**HOW TO COMPLETE THIS TASK:** The listing below should be printed in full and exactly, apart from its images.

#### SUPPLIED MATERIAL

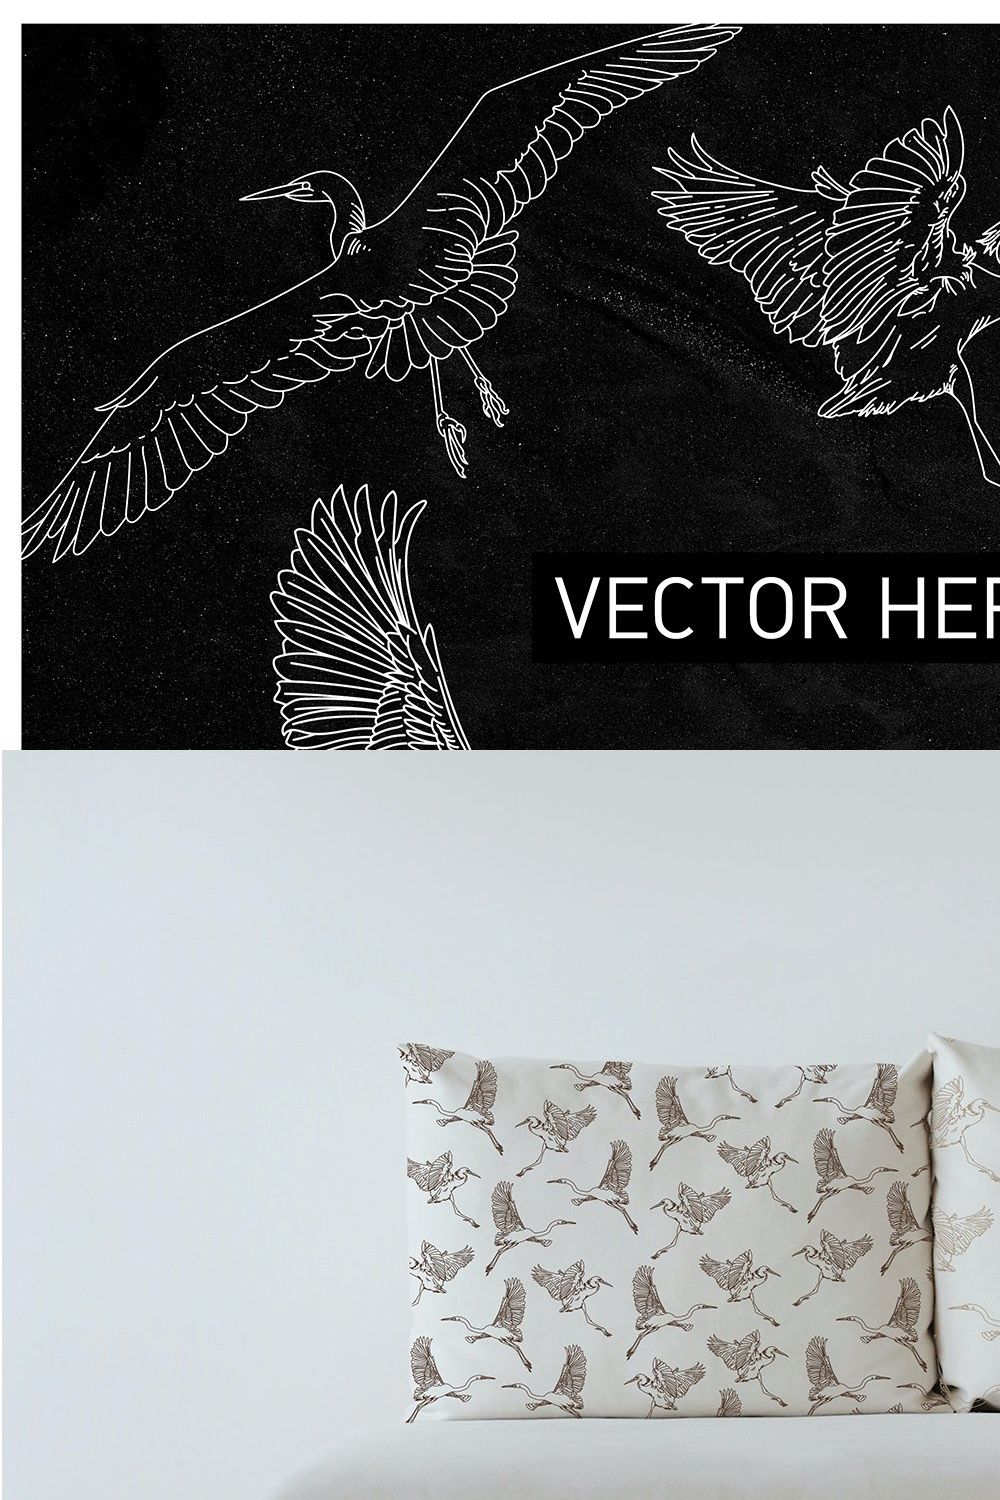 Vector Heron Set pinterest preview image.
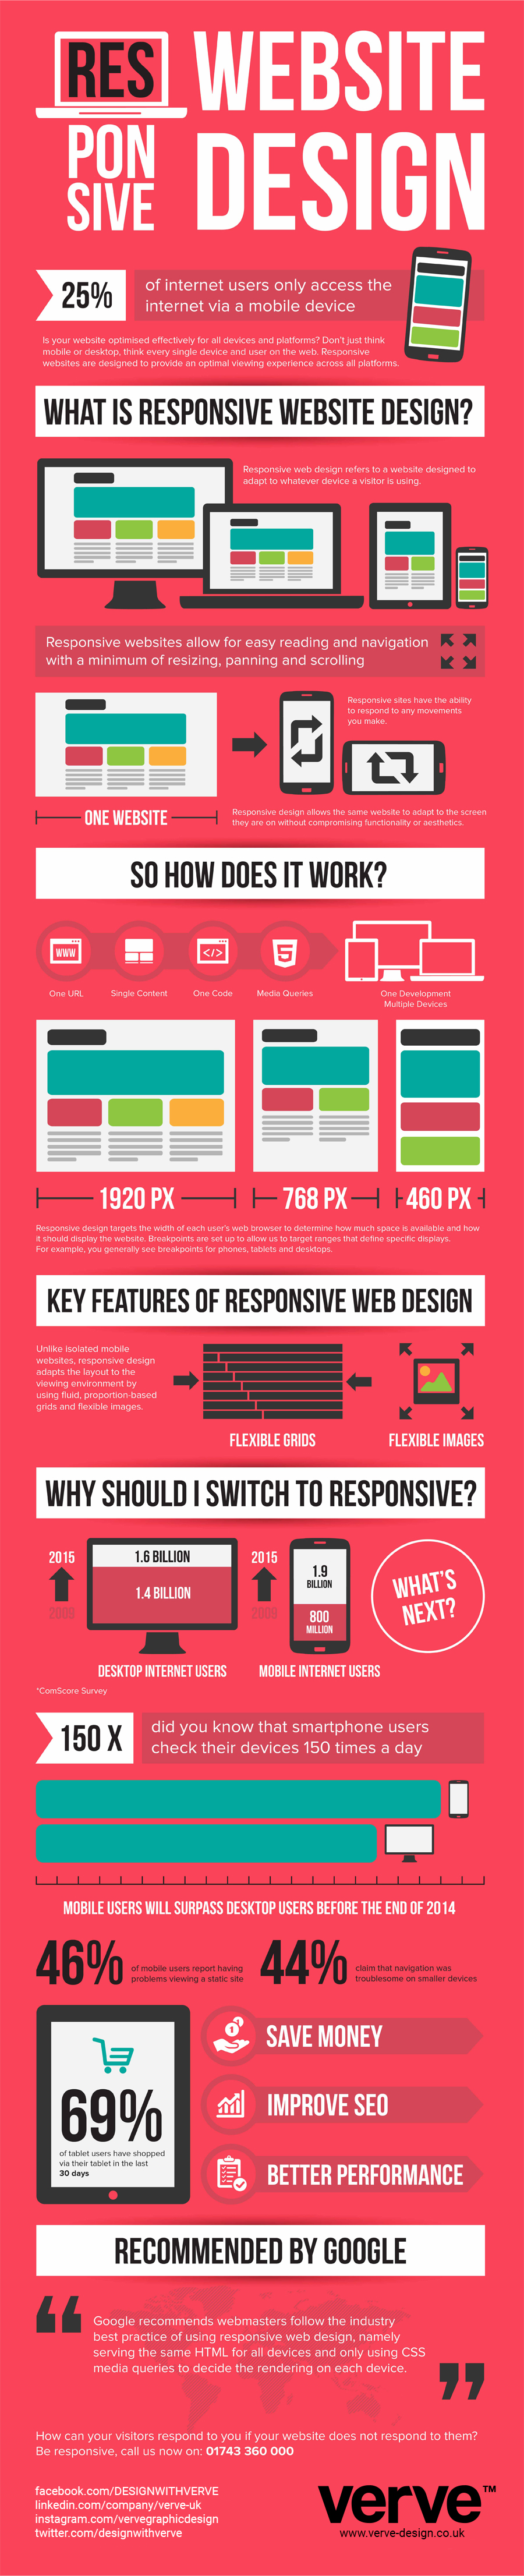 Key Benefits of Responsive Web Design
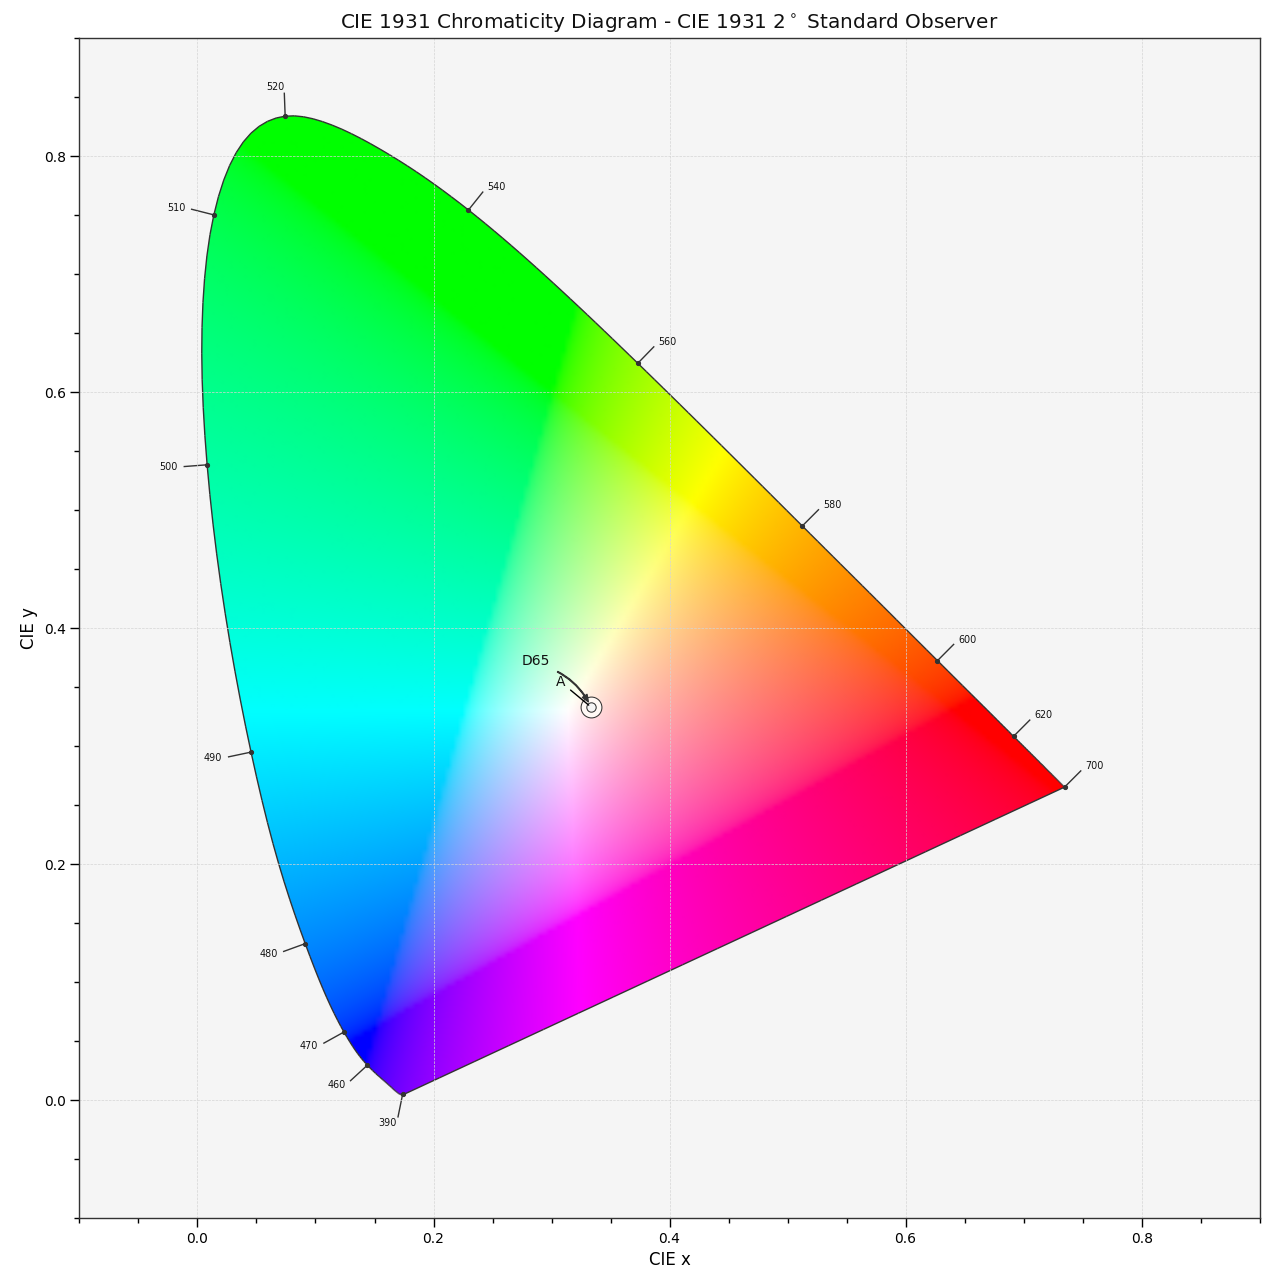 plot_sds_in_chromaticity_diagram
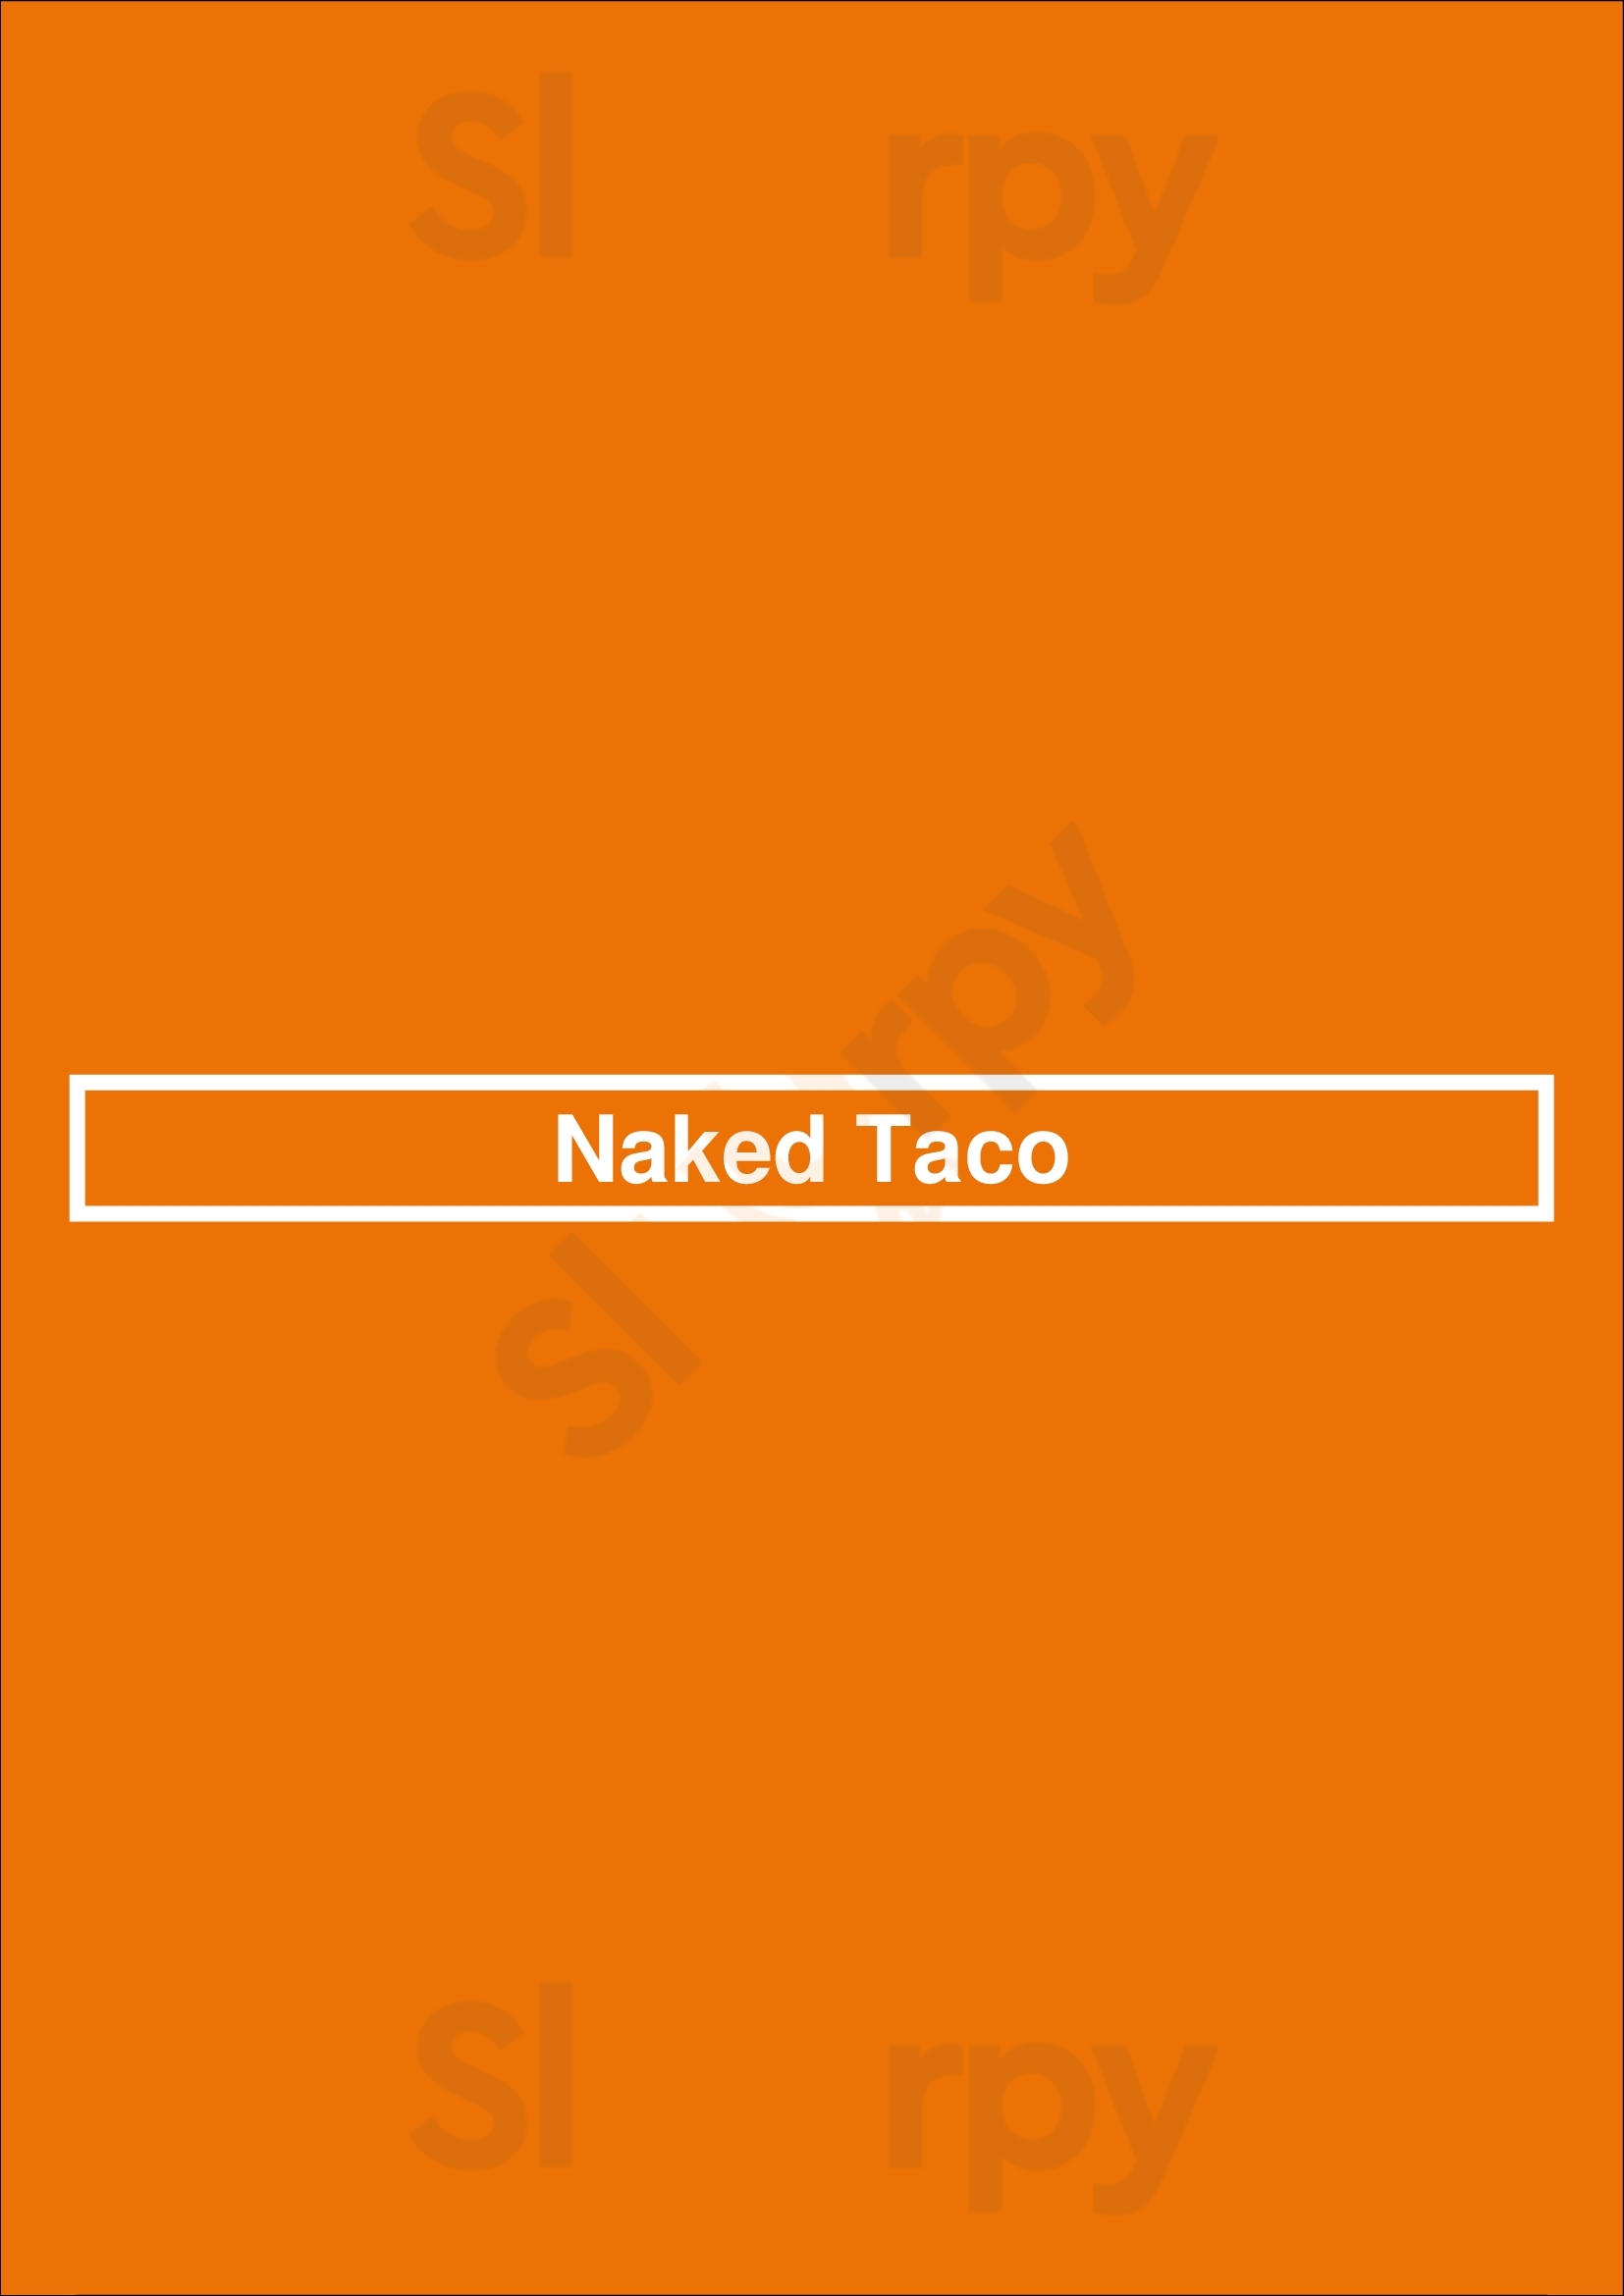 Naked Taco Miami Beach Menu - 1

########

**EXPECTED ANSWER:**
 Vector Heron Set pinterest preview image.
 Key Benefits of Responsive Web Design
 plot_sds_in_chromaticity_diagram
 Naked Taco Miami Beach Menu - 1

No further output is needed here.